Assume $r\in\left[0 ,1\right]$, $N\in\mathbb{N}$.

The basic form is $$ \int_{\cos{(x)}=-1}^{\cos{(x)}=1}{ \frac{ 1-\cos{\left(Nx\right)} }{ N^{2}\left(1-\cos{(x)}\right) +r^{2}\left(1-\cos{\left(Nx\right)}\right) -Nr\left(1-\cos{(x)}-\cos{\left(Nx\right)}+\cos{\left(\left(N-1\right)x\right)}\right) } dx }. $$ Searching for hints, I came across the very informative "How to expand $\cos{(nx)}$ with $\cos{(x)}$?" discussion which lead me to investigate the expression using Chebyshev polynomials of the first kind, in light of the fact that $\cos(nu)=T_n(\cos(u)),$ but still no luck.

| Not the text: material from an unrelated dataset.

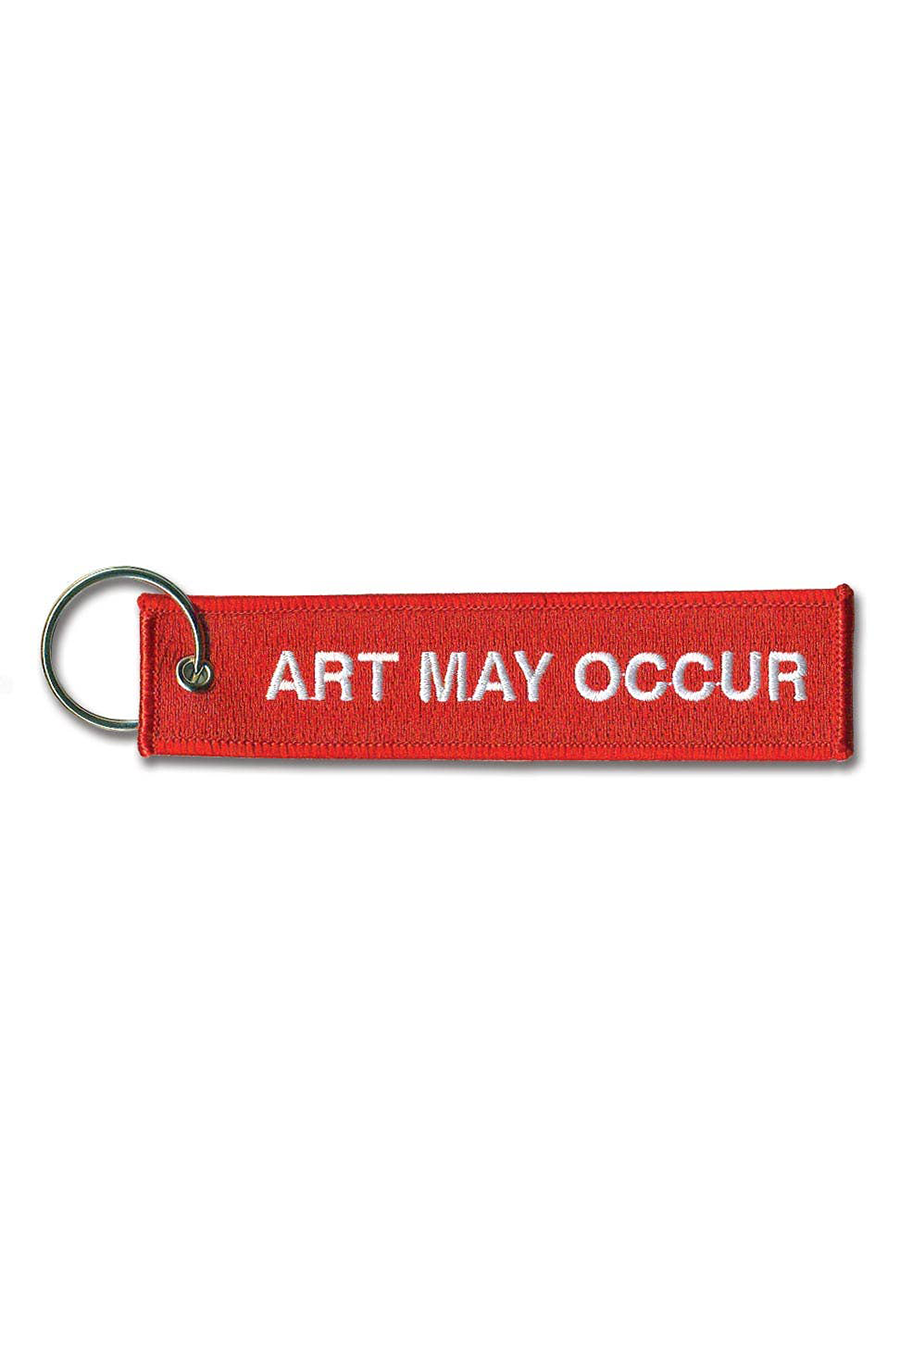 Art May Occur Keychain - Main Image Number 1 of 1
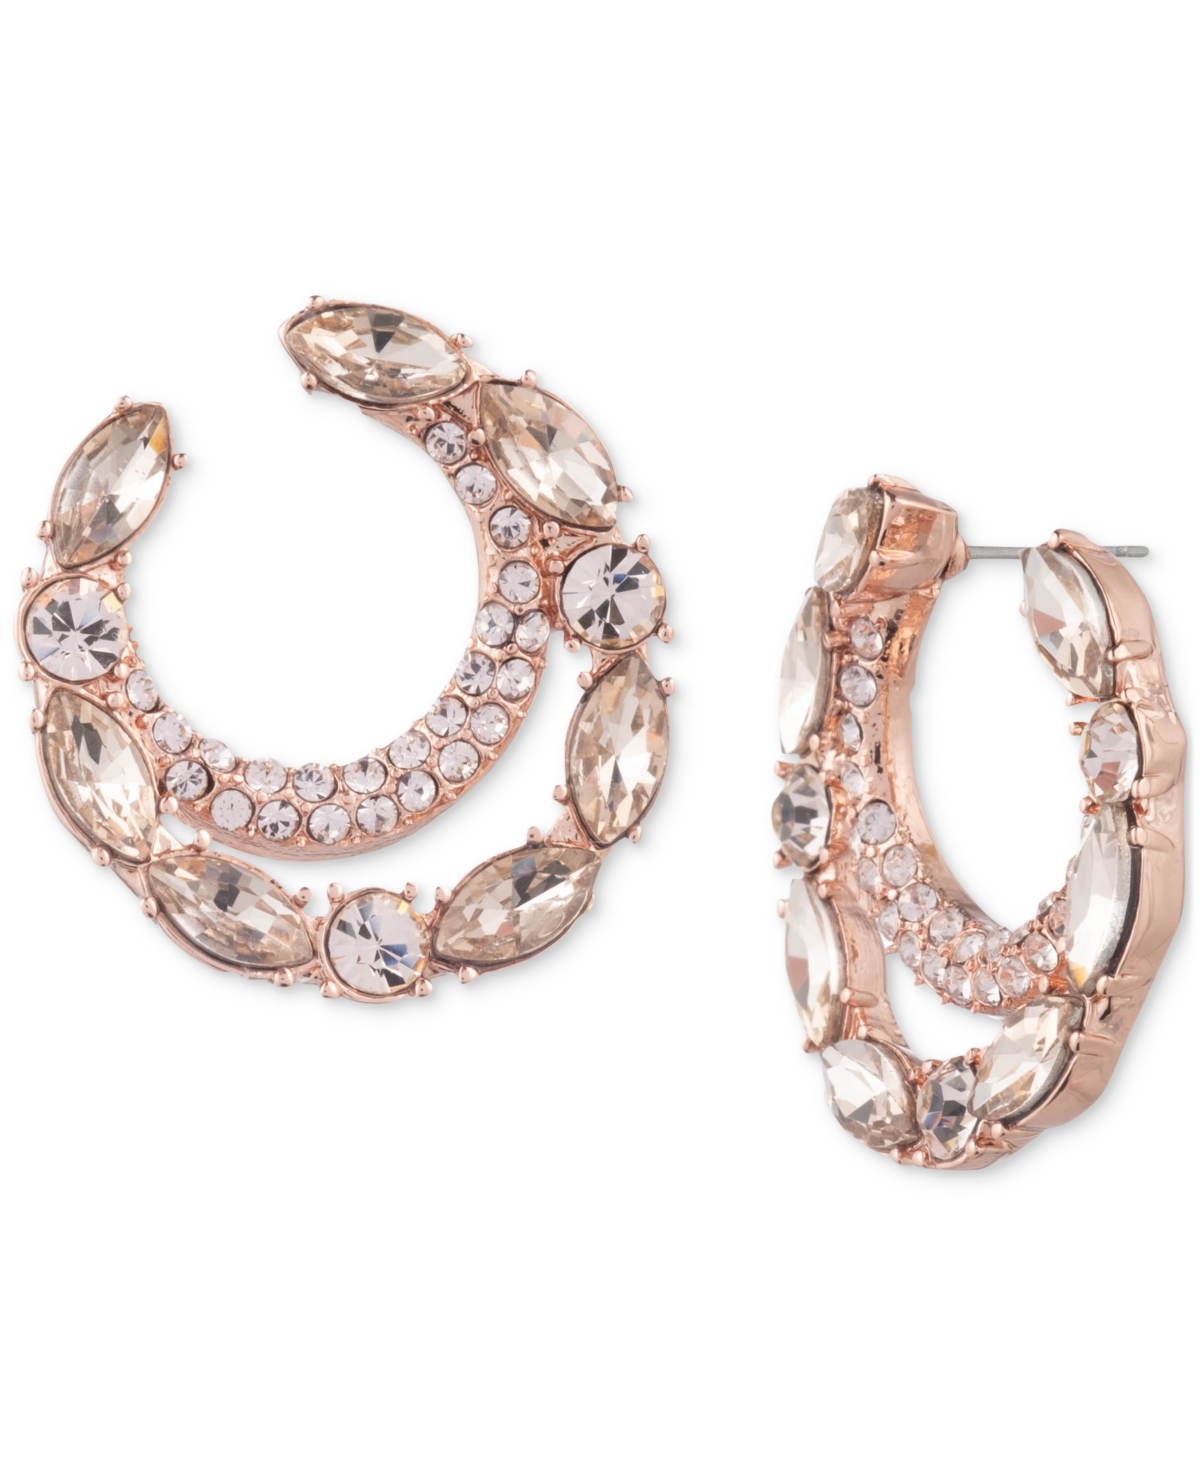 Givenchy Silver-tone Crystal Pave Stone Double Small Hoop Earrings, 0.82" In Rose Gold

Anyhow, as can be seen in the wikipedia page (Chebyshev polynomials ), $$ T_n(x)= \sum_{k=0}^{\lfloor n/2\rfloor} \binom{n}{2k} (x^2-1)^k x^{n-2k}, $$ and plugging it into the basic integral results in $$ \int_{-1}^{1}{ \frac{ 1-T_N(x) }{ N^{2}\left(1-x\right) +r^{2}\left(1-T_N(x)\right) -Nr\left(1-x-T_N(x)+T_{N-1}(x)\right) } \frac{-1}{\sqrt{1-x^{2}}} dx }. $$ Considering also the Chebyshev polynomials of the second kind, $$ U_{N}\left(x\right)=\frac{\left(x+\sqrt{x^{2}-1}\right)^{N+1}-\left(x-\sqrt{x^{2}-1}\right)^{N+1}}{2\sqrt{x^{2}-1}}, $$ and the equality $$ T_{N+1}(x) = xT_{N}(x)-\left(1-x^{2}\right)U_{N-1}(x) $$ results in $$ \int_{-1}^{1}{ \frac{ 1-T_N(x) }{ N^{2}\left(1-x\right) +r^{2}\left(1-T_N(x)\right) -Nr \left( 1-x+\sqrt{1-x^{2}} \left(\left(x+\sqrt{x^{2}-1}\right)^{N}-\left(x-\sqrt{x^{2}-1}\right)^{N}\right) \right) } \frac{-1}{\sqrt{1-x^{2}}} dx }, $$ which has (as the headline states) "almost" quadratic form of the denominator. This is where I am stuck and if someone has an idea for solving it I will be thrilled.

Thank you.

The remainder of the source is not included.